On 2017年12月20日 18:06, Michal Hocko wrote:
> On Wed 20-12-17 14:07:35, kemi wrote:
>>
>>
>> On 2017年12月19日 20:43, Michal Hocko wrote:
>>> On Tue 19-12-17 14:39:25, Kemi Wang wrote:
>>>> To avoid deviation, this patch uses node_page_state_snapshot instead of
>>>> node_page_state for node page stats query.
>>>> e.g. cat /proc/zoneinfo
>>>> cat /sys/devices/system/node/node*/vmstat
>>>> cat /sys/devices/system/node/node*/numastat
>>>>
>>>> As it is a slow path and would not be read frequently, I would worry about
>>>> it.
>>>
>>> The changelog doesn't explain why these counters needs any special
>>> treatment. _snapshot variants where used only for internal handling
>>> where the precision really mattered. We do not have any in-tree user and
>>> Jack has removed this by http://lkml.kernel.org/r/[email protected]
>>> which is already sitting in the mmotm tree. We can re-add it but that
>>> would really require a _very good_ reason.
>>>
>>
>> Assume we have *nr* cpus, and threshold size is *t*. Thus, the maximum deviation is nr*t.
>> Currently, Skylake platform has hundreds of CPUs numbers and the number is still
>> increasing. Also, even the threshold size is kept to 125 at maximum (32765
>> for NUMA counters now), the deviation is just a little too big as I have mentioned in
>> the log. I tend to sum the number in local cpus up when query the global stats.
>
> This is a general problem of pcp accounting. So if it needs to be
> addressed then do it the same way for all stats.
>
>> Also, node_page_state_snapshot is only called in slow path and I don't think that
>> would be a big problem.
>>
>> Anyway, it is a matter of taste. I just think it's better to have.
>
> You are making numastats special and I yet haven't heard any sounds
> arguments for that. But that should be discussed in the respective
> patch.
>

That is because we have much larger threshold size for NUMA counters, that means larger
deviation. So, the number in local cpus may not be simply ignored.
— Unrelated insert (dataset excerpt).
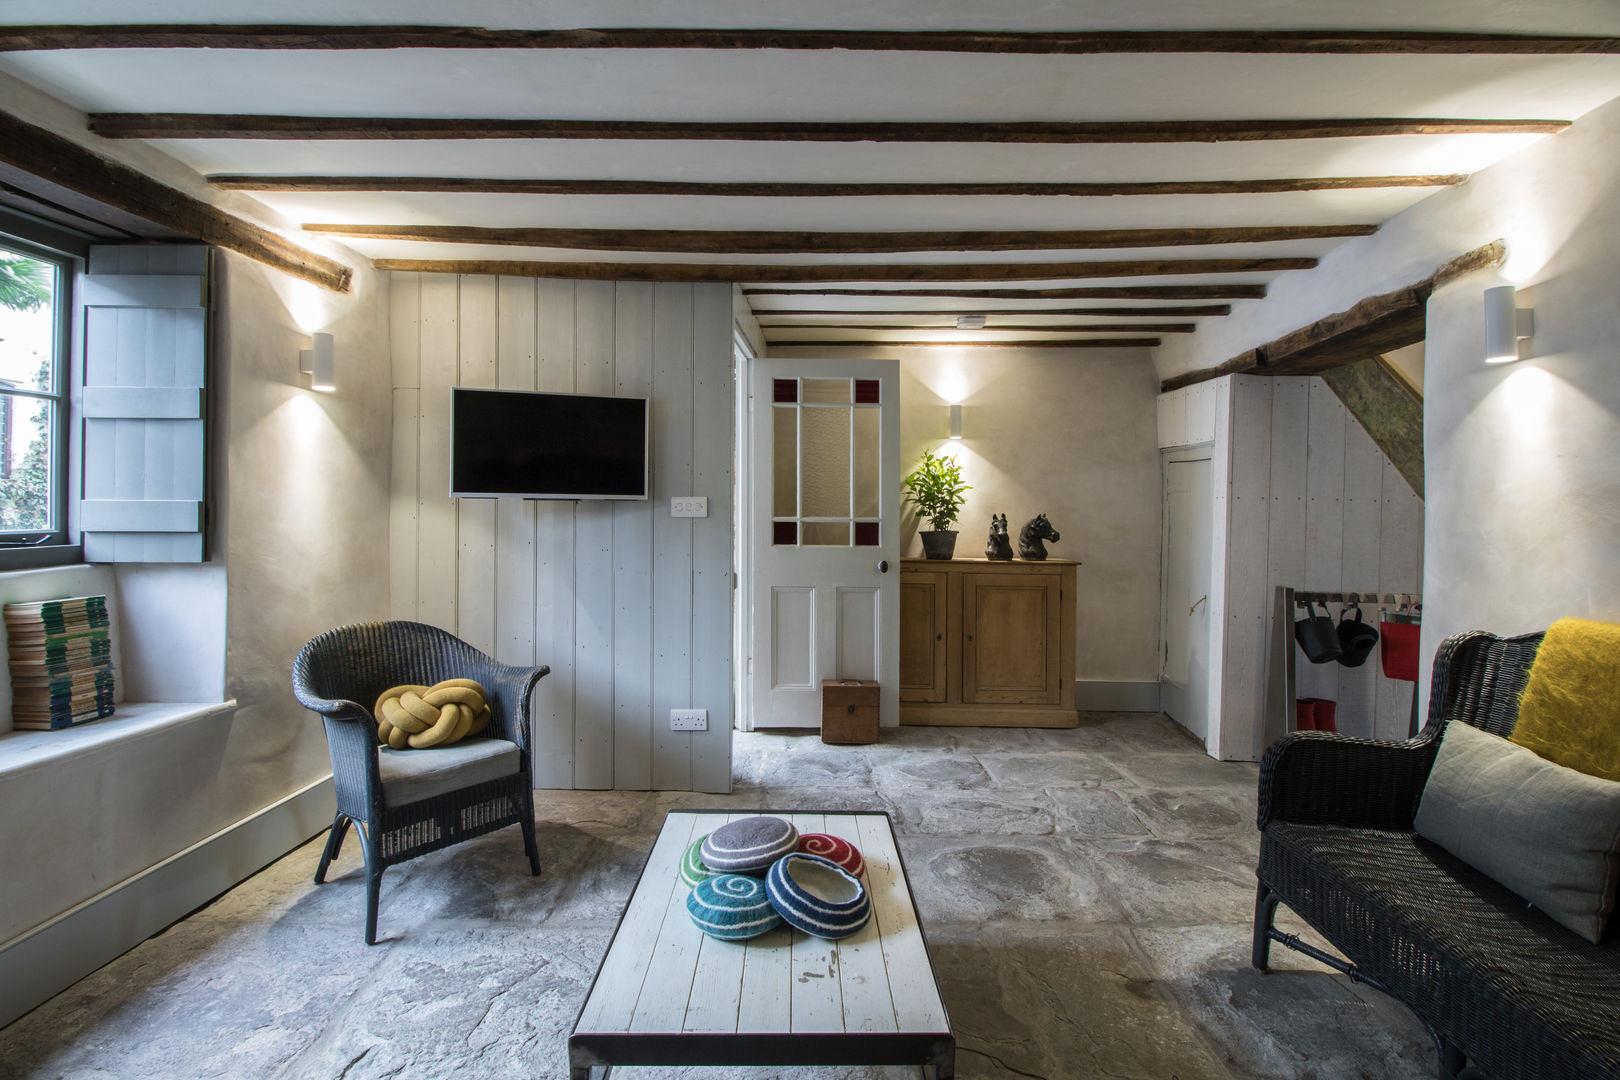 Miner's Cottage II: Living Room design storey Soggiorno in stile rustico shabby chic,living room,living room

>>>> Signed-off-by: Kemi Wang <[email protected]>
>>>> ---
>>>> drivers/base/node.c | 17 ++++++++++-------
>>>> mm/vmstat.c | 2 +-
>>>> 2 files changed, 11 insertions(+), 8 deletions(-)
>>>>
>>>> diff --git a/drivers/base/node.c b/drivers/base/node.c
>>>> index a045ea1..cf303f8 100644
>>>> --- a/drivers/base/node.c
>>>> +++ b/drivers/base/node.c
>>>> @@ -169,12 +169,15 @@ static ssize_t node_read_numastat(struct device *dev,
>>>> "interleave_hit %lu\n"
>>>> "local_node %lu\n"
>>>> "other_node %lu\n",
>>>> - node_page_state(NODE_DATA(dev->id), NUMA_HIT),
>>>> - node_page_state(NODE_DATA(dev->id), NUMA_MISS),
>>>> - node_page_state(NODE_DATA(dev->id), NUMA_FOREIGN),
>>>> - node_page_state(NODE_DATA(dev->id), NUMA_INTERLEAVE_HIT),
>>>> - node_page_state(NODE_DATA(dev->id), NUMA_LOCAL),
>>>> - node_page_state(NODE_DATA(dev->id), NUMA_OTHER));
>>>> + node_page_state_snapshot(NODE_DATA(dev->id), NUMA_HIT),
>>>> + node_page_state_snapshot(NODE_DATA(dev->id), NUMA_MISS),
>>>> + node_page_state_snapshot(NODE_DATA(dev->id),
>>>> + NUMA_FOREIGN),
>>>> + node_page_state_snapshot(NODE_DATA(dev->id),
>>>> + NUMA_INTERLEAVE_HIT),
>>>> + node_page_state_snapshot(NODE_DATA(dev->id), NUMA_LOCAL),
>>>> + node_page_state_snapshot(NODE_DATA(dev->id),
>>>> + NUMA_OTHER));
>>>> }
>>>>
>>>> static DEVICE_ATTR(numastat, S_IRUGO, node_read_numastat, NULL);
>>>> @@ -194,7 +197,7 @@ static ssize_t node_read_vmstat(struct device *dev,
>>>> for (i = 0; i < NR_VM_NODE_STAT_ITEMS; i++)
>>>> n += sprintf(buf+n, "%s %lu\n",
>>>> vmstat_text[i + NR_VM_ZONE_STAT_ITEMS],
>>>> - node_page_state(pgdat, i));
>>>> + node_page_state_snapshot(pgdat, i));
>>>>
>>>> return n;
>>>> }
>>>> diff --git a/mm/vmstat.c b/mm/vmstat.c
>>>> index 64e08ae..d65f28d 100644
>>>> --- a/mm/vmstat.c
>>>> +++ b/mm/vmstat.c
>>>> @@ -1466,7 +1466,7 @@ static void zoneinfo_show_print(struct seq_file *m, pg_data_t *pgdat,
>>>> for (i = 0; i < NR_VM_NODE_STAT_ITEMS; i++) {
>>>> seq_printf(m, "\n %-12s %lu",
>>>> vmstat_text[i + NR_VM_ZONE_STAT_ITEMS],
>>>> - node_page_state(pgdat, i));
>>>> + node_page_state_snapshot(pgdat, i));
>>>> }
>>>> }
>>>> seq_printf(m,
>>>> --
>>>> 2.7.4
>>>>
>>>
>

Subject: Re: [PATCH v2 4/5] mm: use node_page_state_snapshot to avoid deviation

On Wed, 20 Dec 2017, kemi wrote:

> > You are making numastats special and I yet haven't heard any sounds
> > arguments for that. But that should be discussed in the respective
> > patch.
> >
>
> That is because we have much larger threshold size for NUMA counters, that means larger
> deviation. So, the number in local cpus may not be simply ignored.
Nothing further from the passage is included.